The Spokane River Centennial Trail is a 37-mile (60 km) paved trail in Eastern Washington for alternate transportation and recreational use. It is managed by Washington State Parks as the Spokane River Centennial State Park Trail.

The trail extends from Sontag Park in Nine Mile Falls, Washington to the Washington/Idaho border. It passes through the cities of Spokane, Washington, Spokane Valley, Washington, Liberty Lake, Washington and the unincorporated community of Spokane Bridge, before crossing under the Interstate 90 Spokane River Bridge—traveling through Kootenai County, Idaho for approximately 250 feet (76 m)—and then continuing through Washington for about 2,000 feet (1 km), before meeting with the North Idaho Centennial Trail at the Washington–Idaho border. The trail is divided into three sections: Riverside refers to the section of the trail within Riverside State Park, Urban refers to the section within the city of Spokane, and Valley refers the section east of Spokane (almost all of which lies in the Spokane Valley, hence the name).
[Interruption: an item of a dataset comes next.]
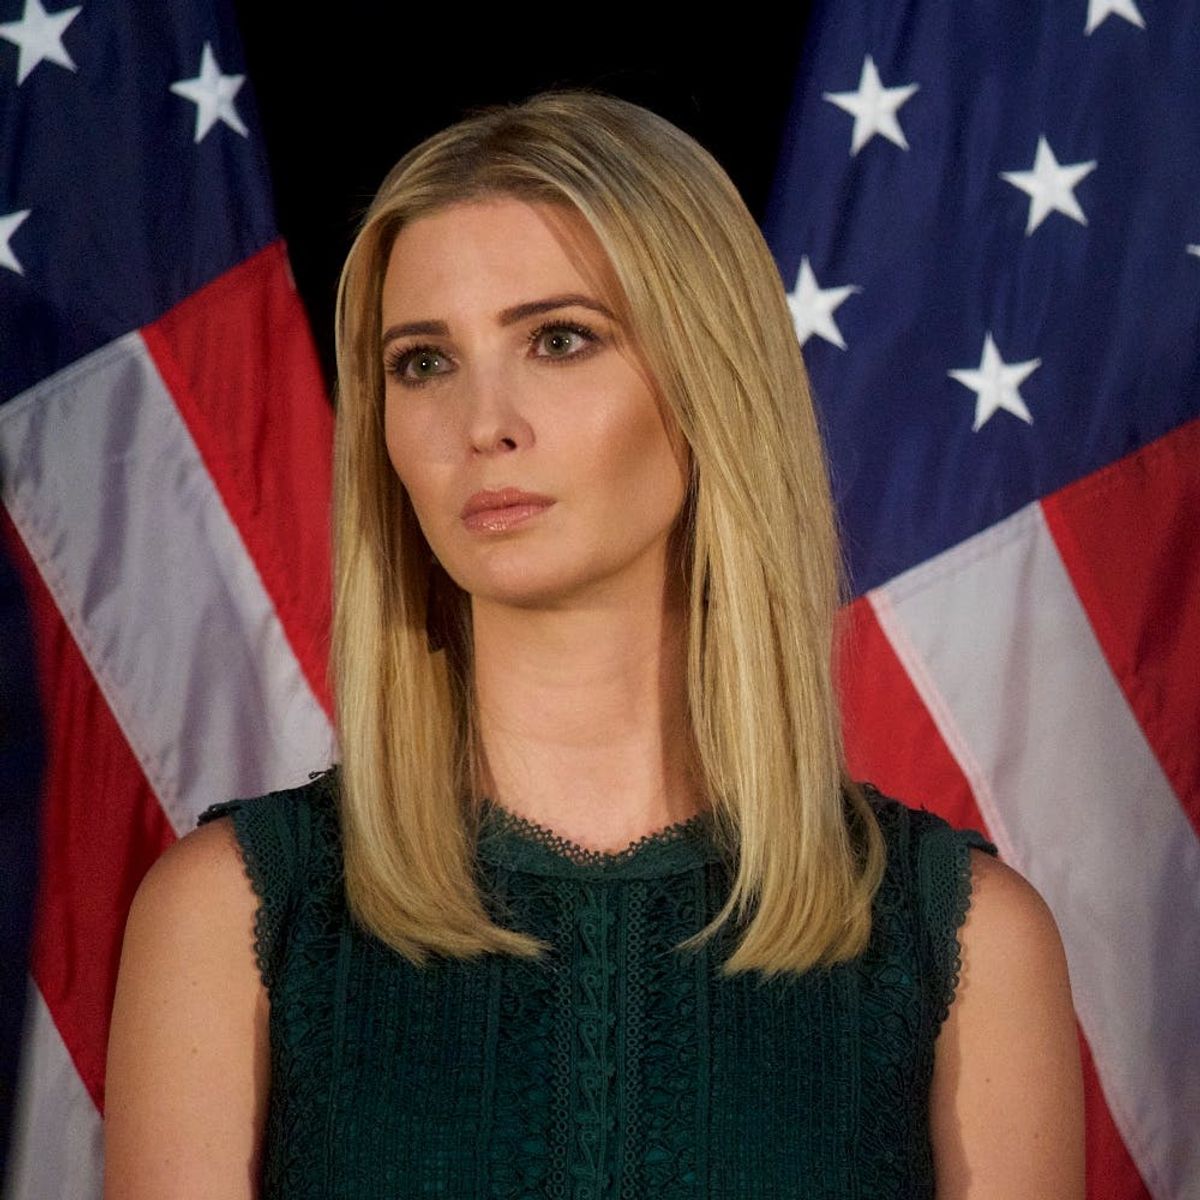 Ivanka Trump Says Her Father’s Comments Were “Inappropriate and Offensive”
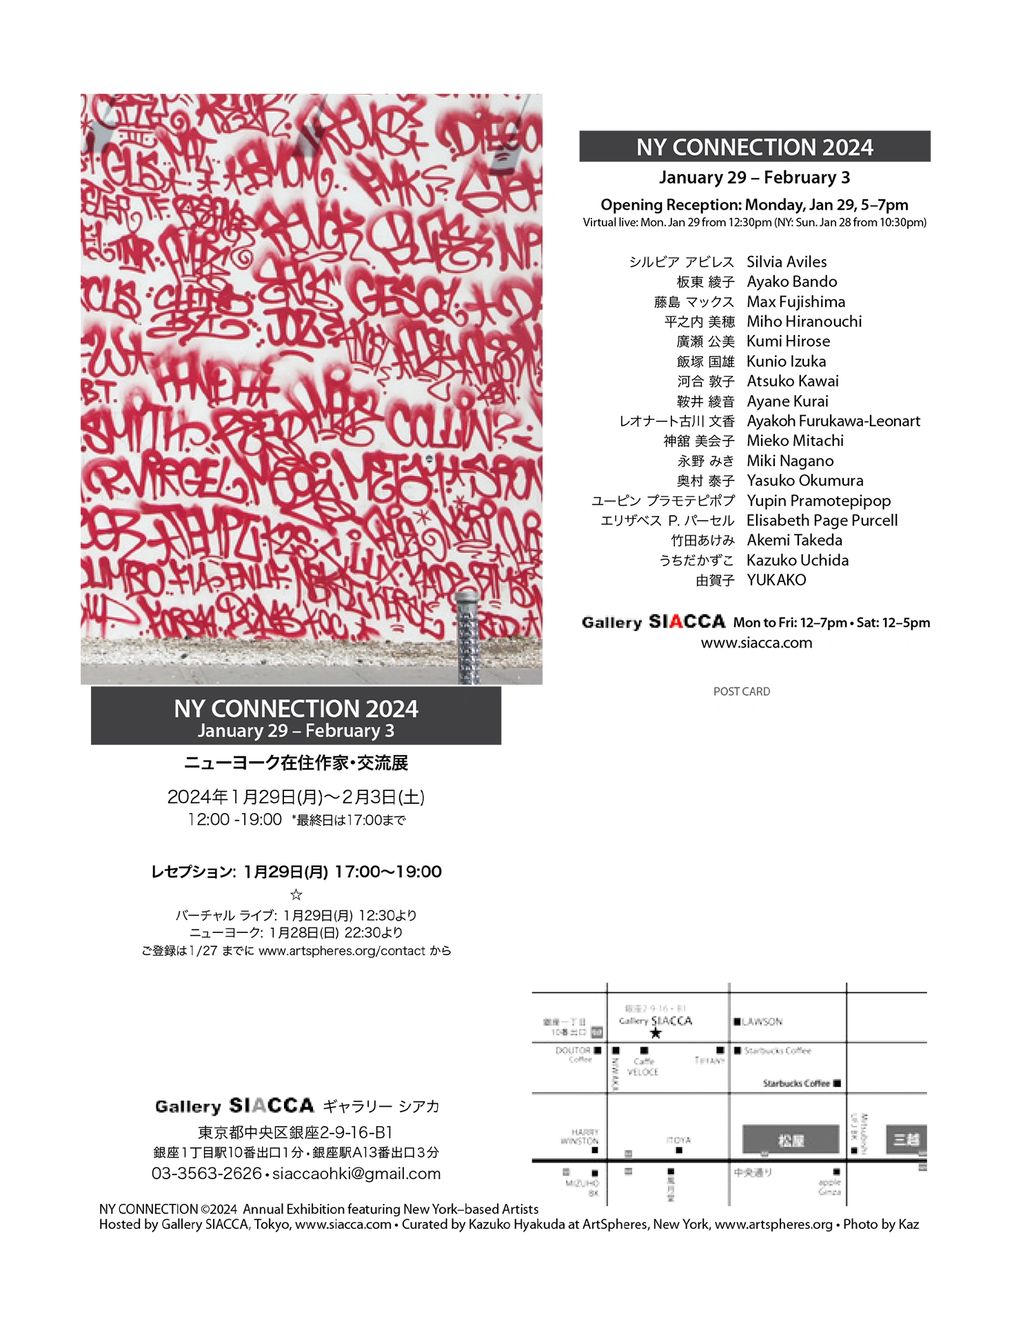 NY Connection 2024, Tokyo, Ginza group exhibition at Gallery Siacca, Curated by Kazuko Hyakuda

After the border into Idaho, the trail continues as the North Idaho Centennial Trail.


Spokane Centennial Trail by Gonzaga University, 1998 (10163427794)
Centennial Trail near Gonzaga

Following the Expo '74, advocates proposed a mixed use pathway along the river. Citizens in Washington and Idaho expanded the idea by 1986 by joining forces and suggesting a much longer trail that could be completed in time to celebrate the respective state centennials of Washington (1989) and Idaho (1990). In 2010, it was designated a National Recreation Trail.